(588c) Physical Basis for the Formation and Stability of Silica Nanoparticles in Basic Solutions of Monovalent Cations | AIChE

(588c) Physical Basis for the Formation and Stability of Silica Nanoparticles in Basic Solutions of Monovalent Cations

Authors 

Rimer, J. D. - Presenter, University of Houston


Aqueous silica chemistry remains an important, yet not fully understood topic in the synthesis of mesostructured materials, catalysts and adsorbents, low-dielectric coatings, biomineralization, etc., to name a few. The classical view of silica polymerization is that it is a rather uncontrolled process leading to poorly defined structures with broad distributions of molecular weights and connectivity, as it is typically the case in sol-gel processes [1]. Recent experiments conducted in our laboratories reveal a rather different view of silica polymerization [2, 3]. We observe that at well-defined concentrations of silica in basic solutions of monovalent cations, further addition of silica leads suddenly to the formation of silica nanoparticles with a size that is fairly uniform, nearly independent of the cation identity (from Na+ to organic cations such as tetrabutylammonium, TBA+), and with a structure formed of a silica core and a cation shell. Moreover, the formation and dissolution of these nanoparticles appears to be a reversible process at room temperature over typical observation times [3].

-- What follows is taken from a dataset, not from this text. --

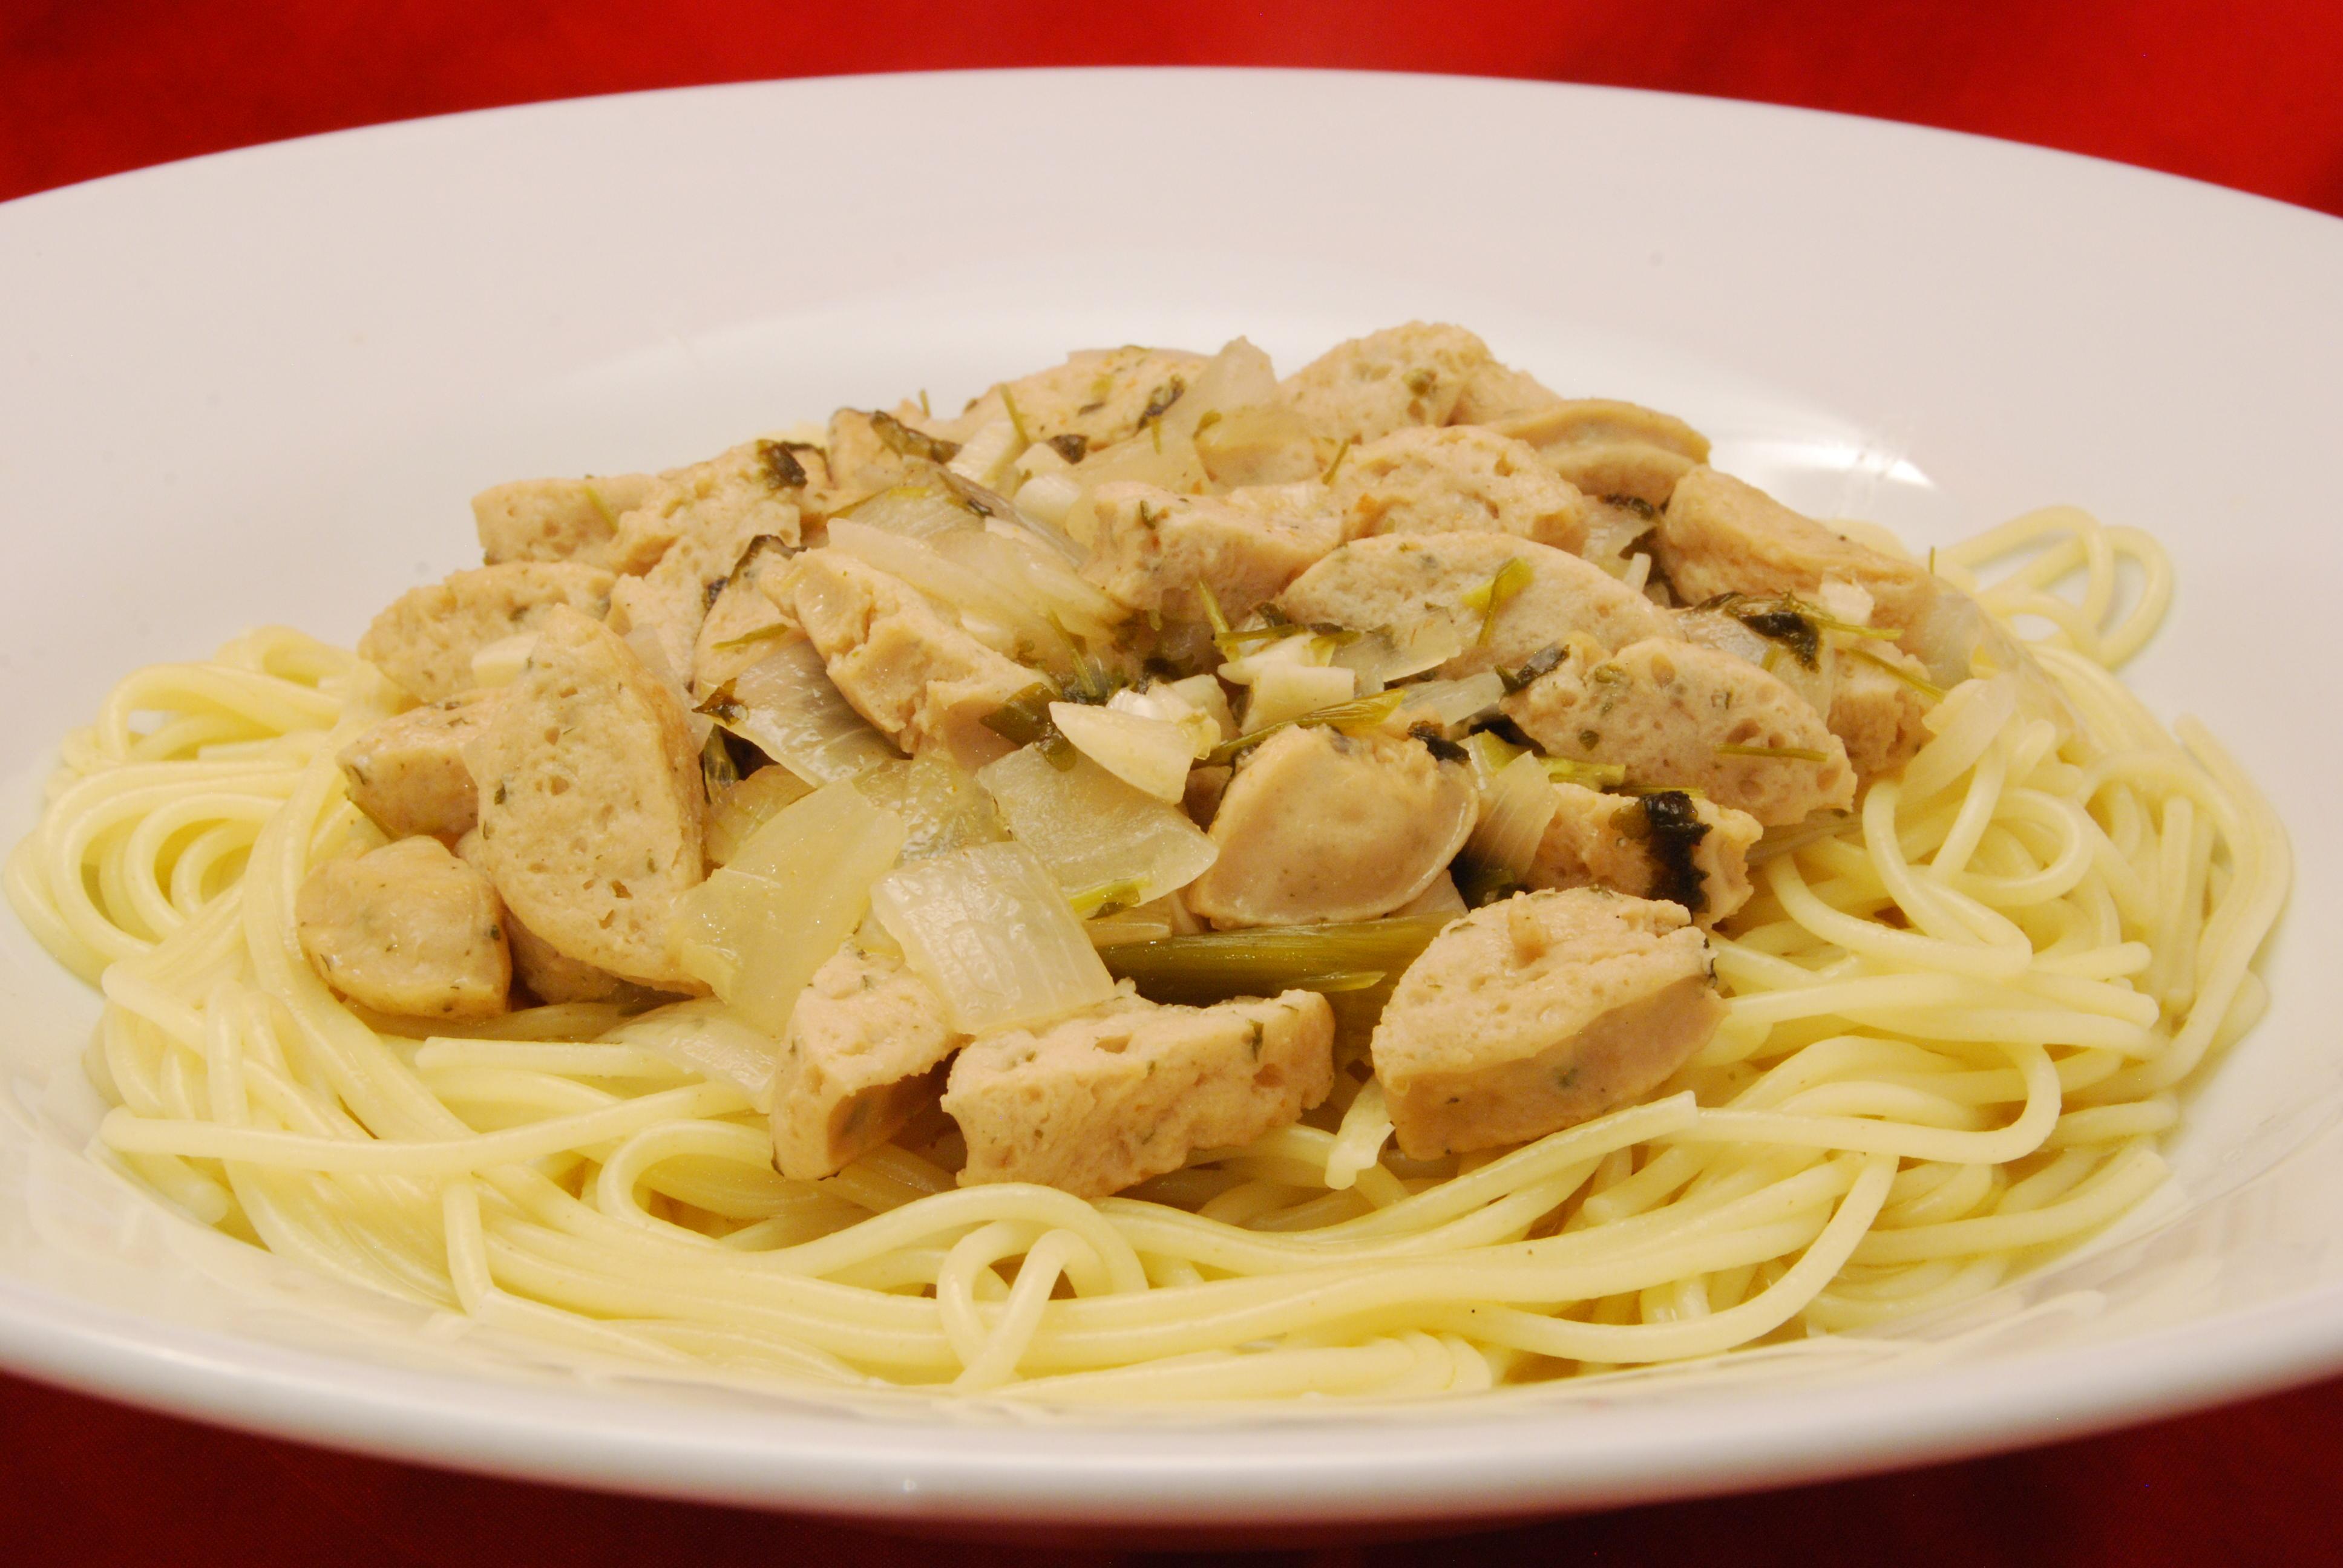 Weißwurst in Weißwein-Sauce mit Spaghetti
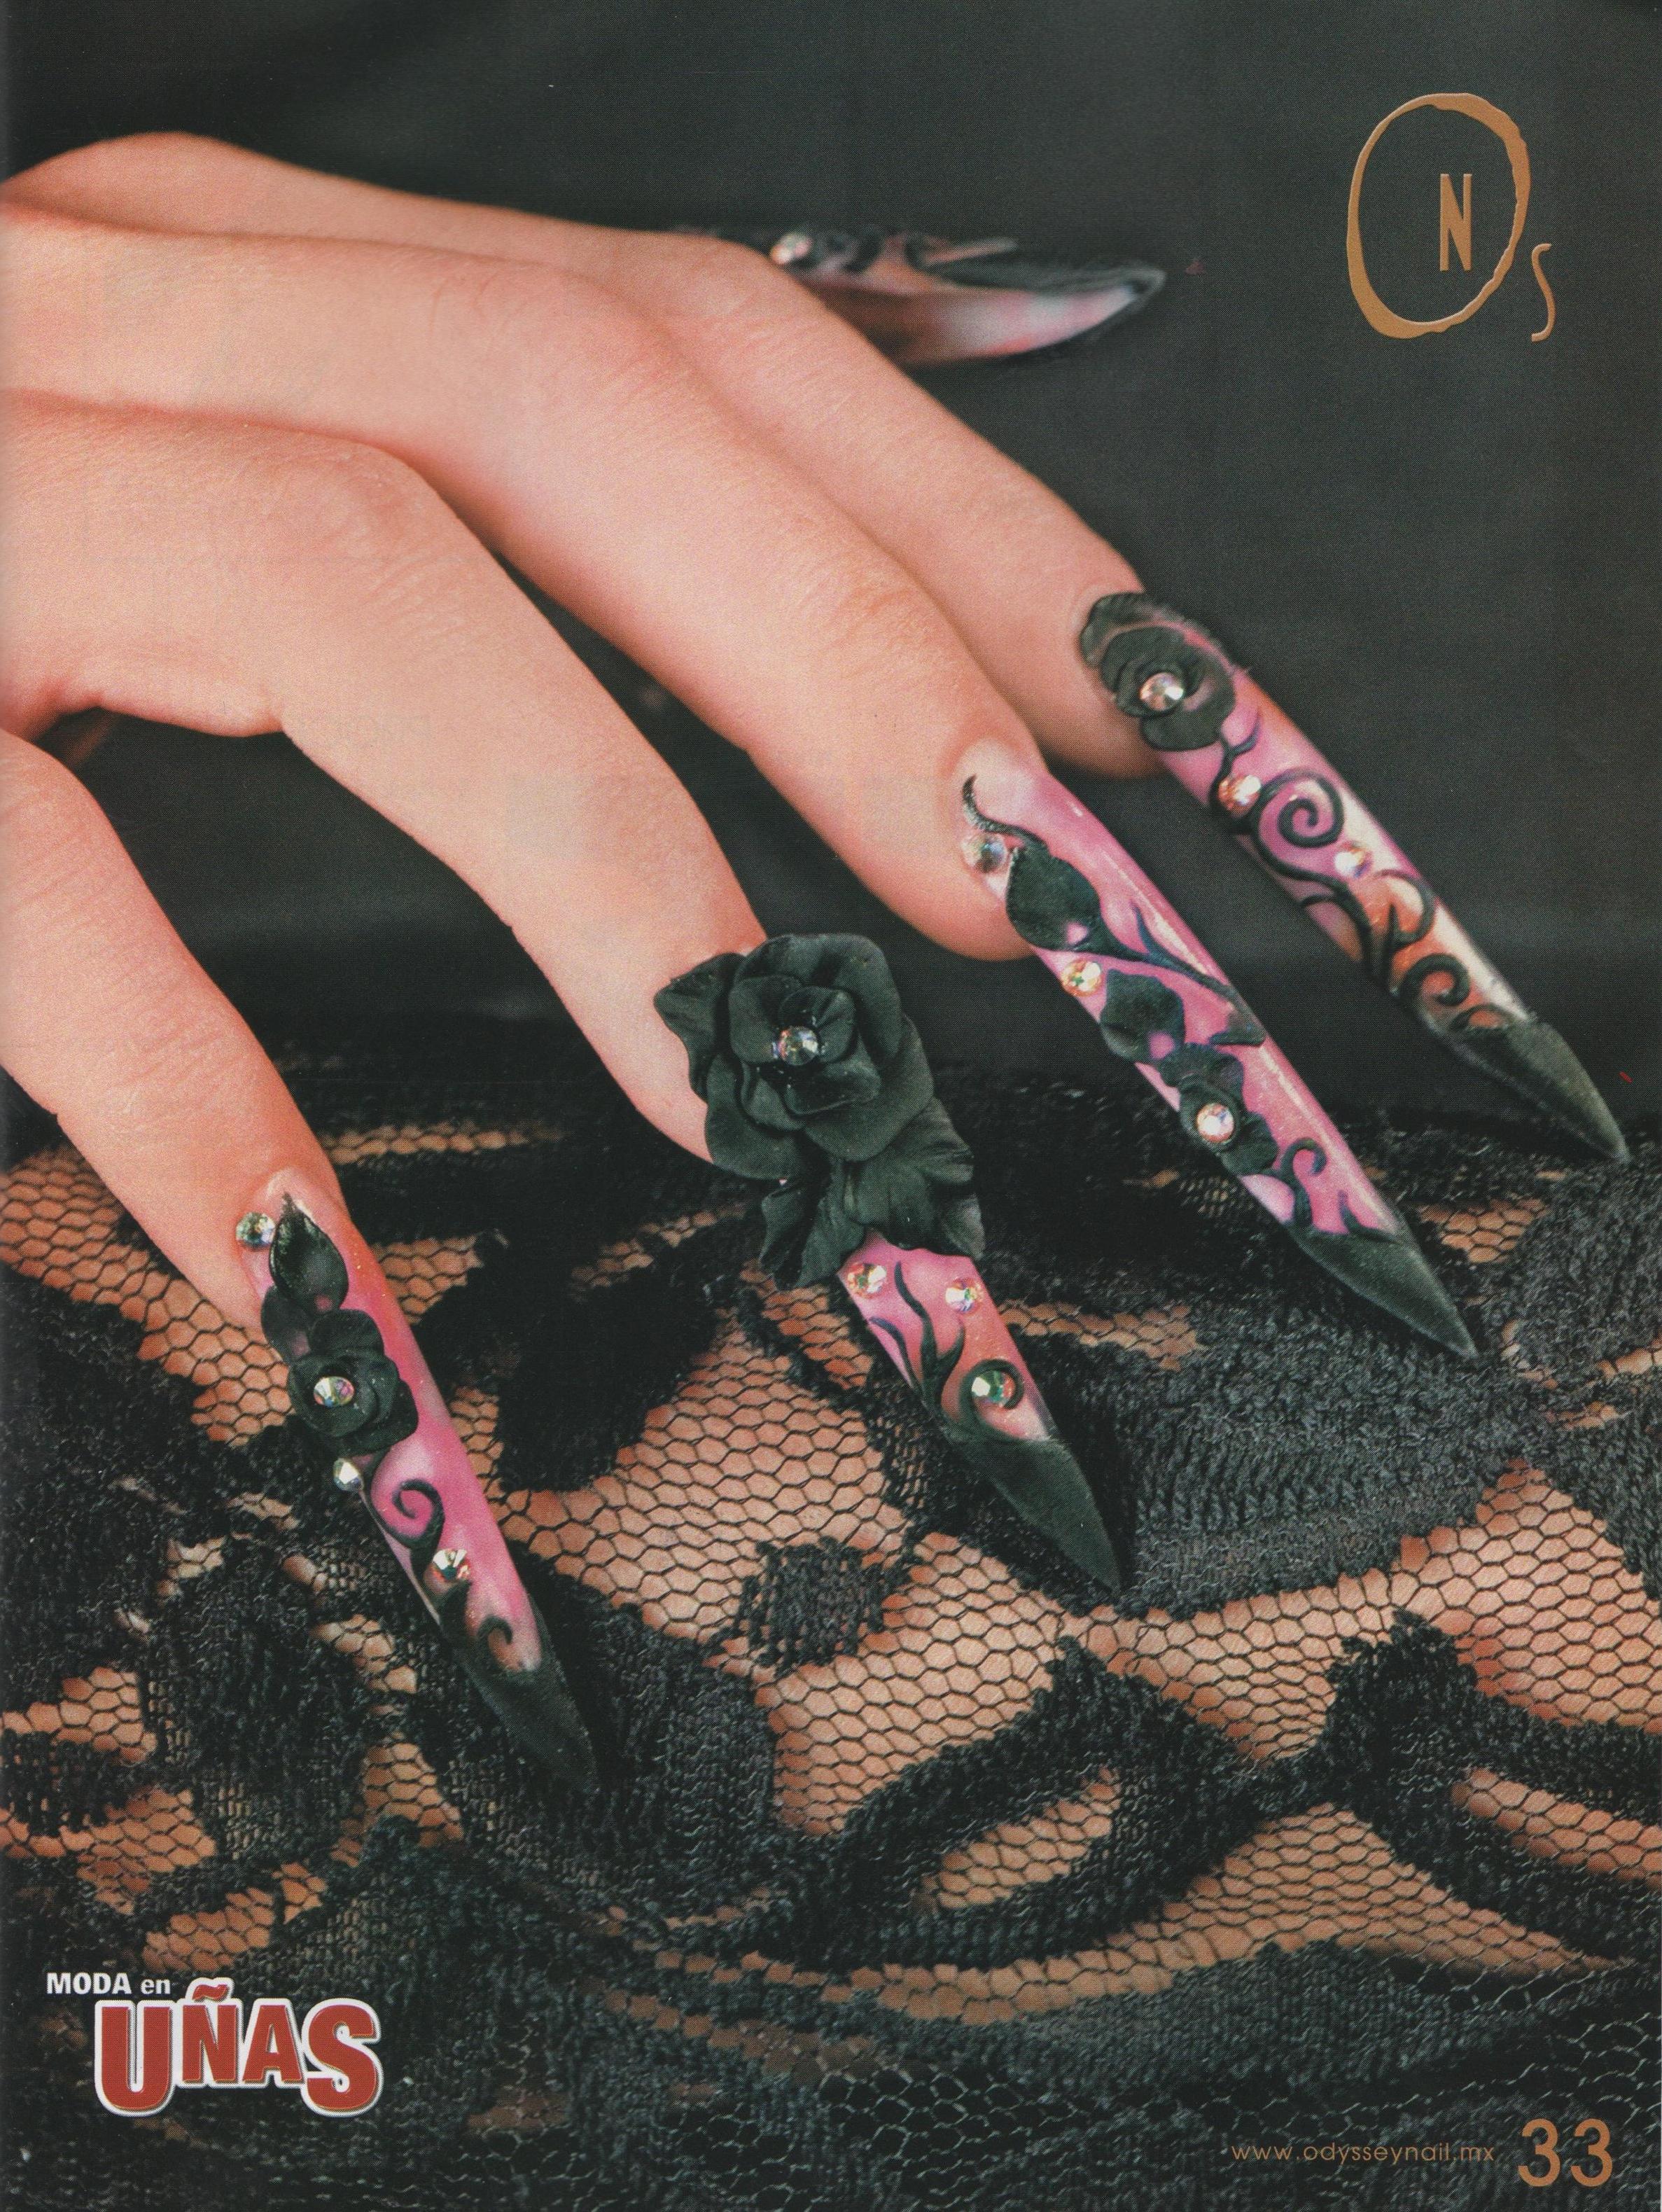 Mexico Nail Mag Image

Here we present studies of the colloidal stability and phase behavior of silica nanoparticles (<10 nm) using a combination of electrostatic and chemical equilibrium models. By accounting for the deprotonation and condensation of silica species we have been able to develop a model that predicts the phase diagram and critical aggregation concentration for silica nanoparticles in basic solutions [4]. Inclusion of a complexation model allows for the first determination of the equilibrium constant for nanoparticle silanol deprotonation along with the charge of the particle surface ? from which we are able to explain the colloidal stability of these small, 3-5 nm nanoparticles in solution. In addition, we show that the charging of the surface plays a significant role in the free energy of condensation and can explain why the formation of small particles is energetically favorable.

1. Iler, R. K. The chemistry of silica: solubility, polymerization, colloid and surface properties, and biochemistry. 1979, New York: Wiley.

2. Fedeyko, J. M.; Rimer, J. D.; Lobo, R. F.; Vlachos, D. G. J. Phys. Chem. B 2004, 108, 12271.

3. Fedeyko, J. M.; Vlachos, D. G.; Lobo, R. F. Langmuir 2005, 21, 5197.

4. Rimer, J. D.; Vlachos, D. G.; Lobo, R. F. J. Phys. Chem. B, Accepted 2005.